* _MATERIAL PROVIDED_
━━━

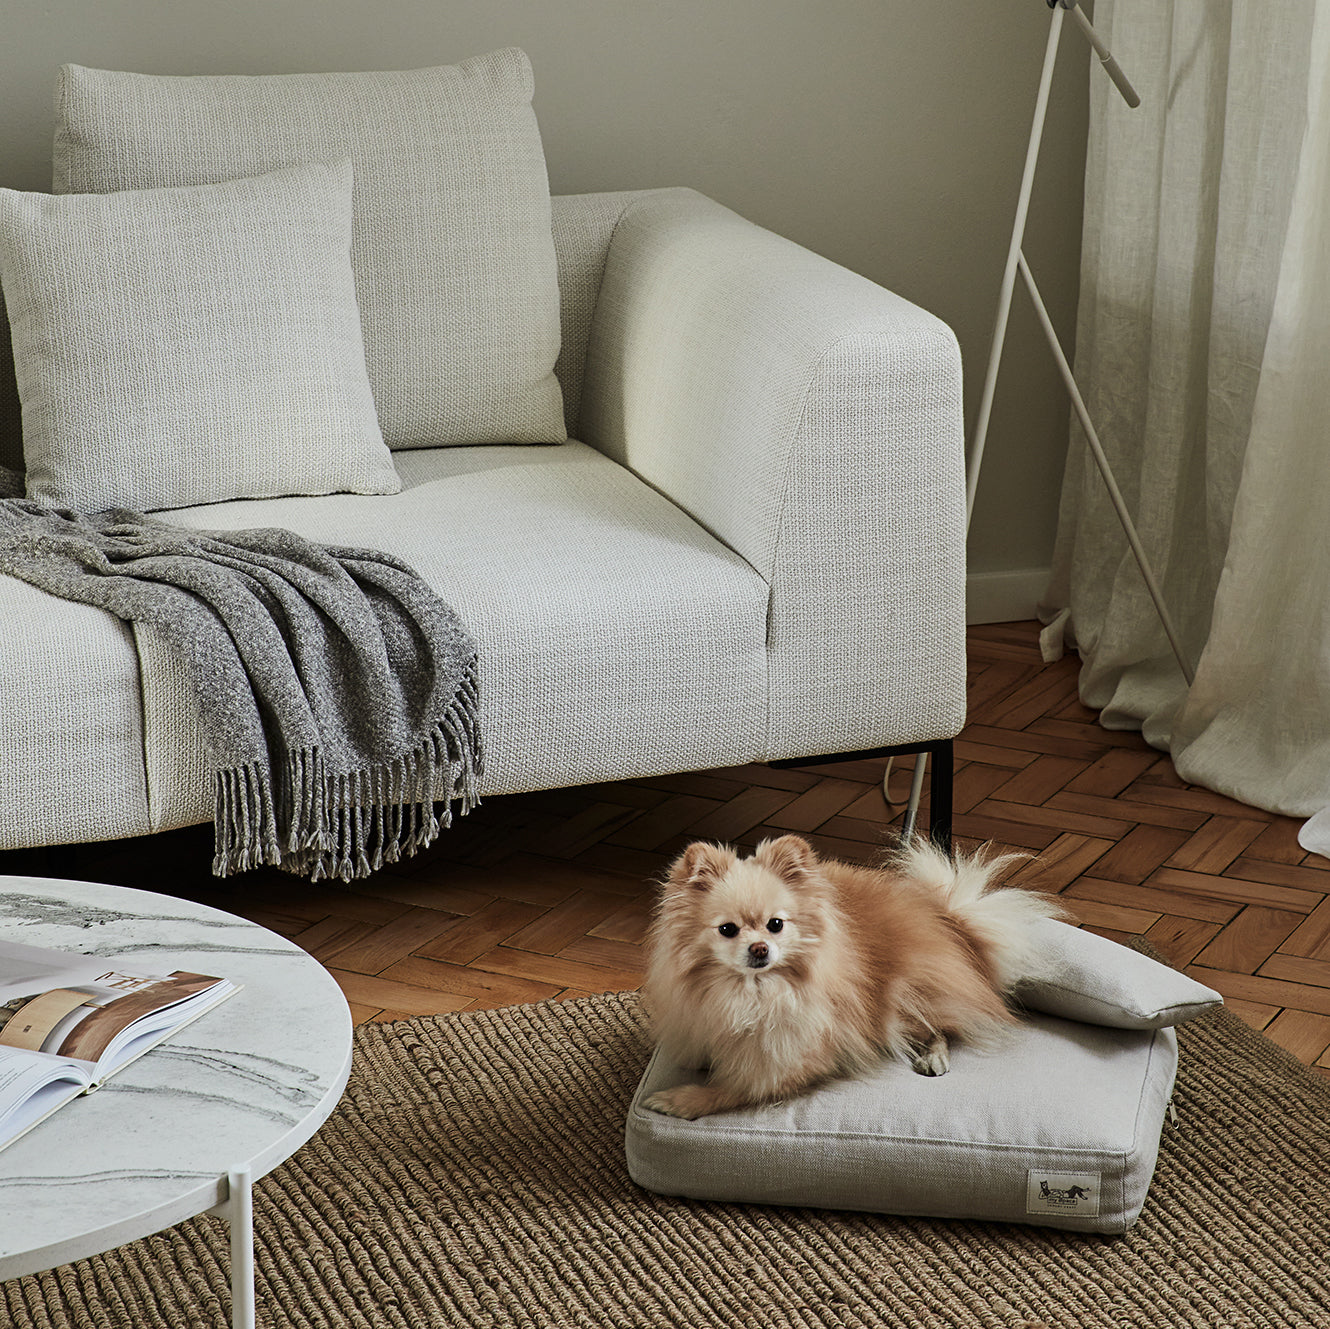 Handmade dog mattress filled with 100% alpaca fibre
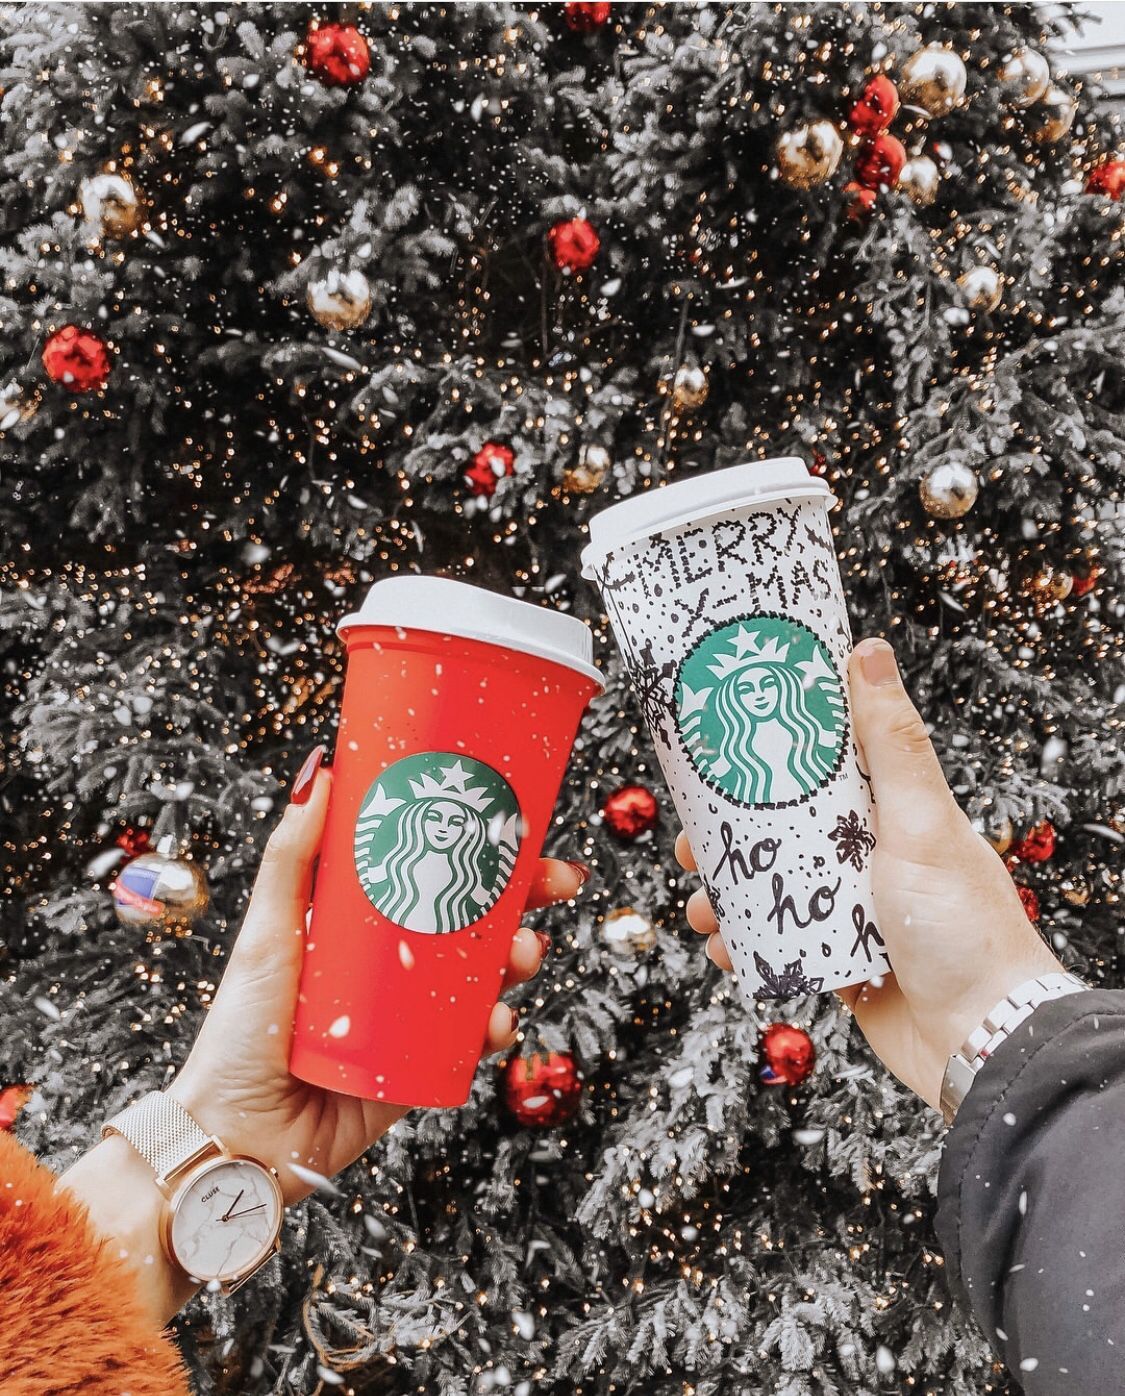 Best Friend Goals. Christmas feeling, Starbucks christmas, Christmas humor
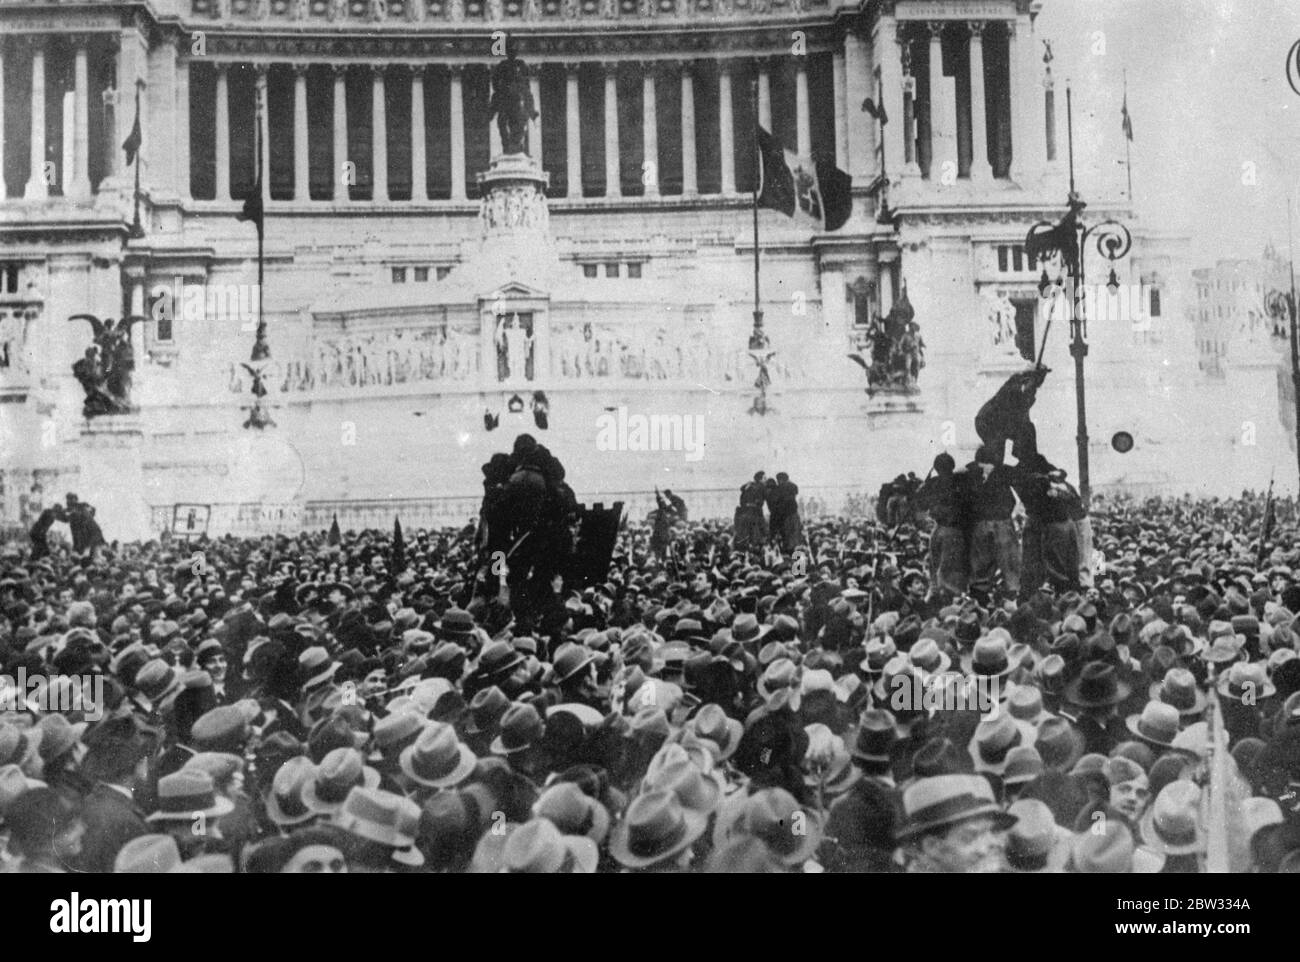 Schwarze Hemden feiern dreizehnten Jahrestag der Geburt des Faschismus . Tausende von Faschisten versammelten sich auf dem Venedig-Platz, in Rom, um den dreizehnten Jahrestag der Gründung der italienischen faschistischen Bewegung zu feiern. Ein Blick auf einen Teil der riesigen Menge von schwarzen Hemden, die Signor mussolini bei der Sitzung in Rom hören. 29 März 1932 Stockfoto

━━━

* _YOUR TASK_
Leave the pictures out and transcribe the remaining material exactly.

* _TASK OUTPUT_
 Handmade dog mattress filled with 100% alpaca fibre
 Best Friend Goals. Christmas feeling, Starbucks christmas, Christmas humor
 Schwarze Hemden feiern dreizehnten Jahrestag der Geburt des Faschismus . Tausende von Faschisten versammelten sich auf dem Venedig-Platz, in Rom, um den dreizehnten Jahrestag der Gründung der italienischen faschistischen Bewegung zu feiern. Ein Blick auf einen Teil der riesigen Menge von schwarzen Hemden, die Signor mussolini bei der Sitzung in Rom hören. 29 März 1932 Stockfoto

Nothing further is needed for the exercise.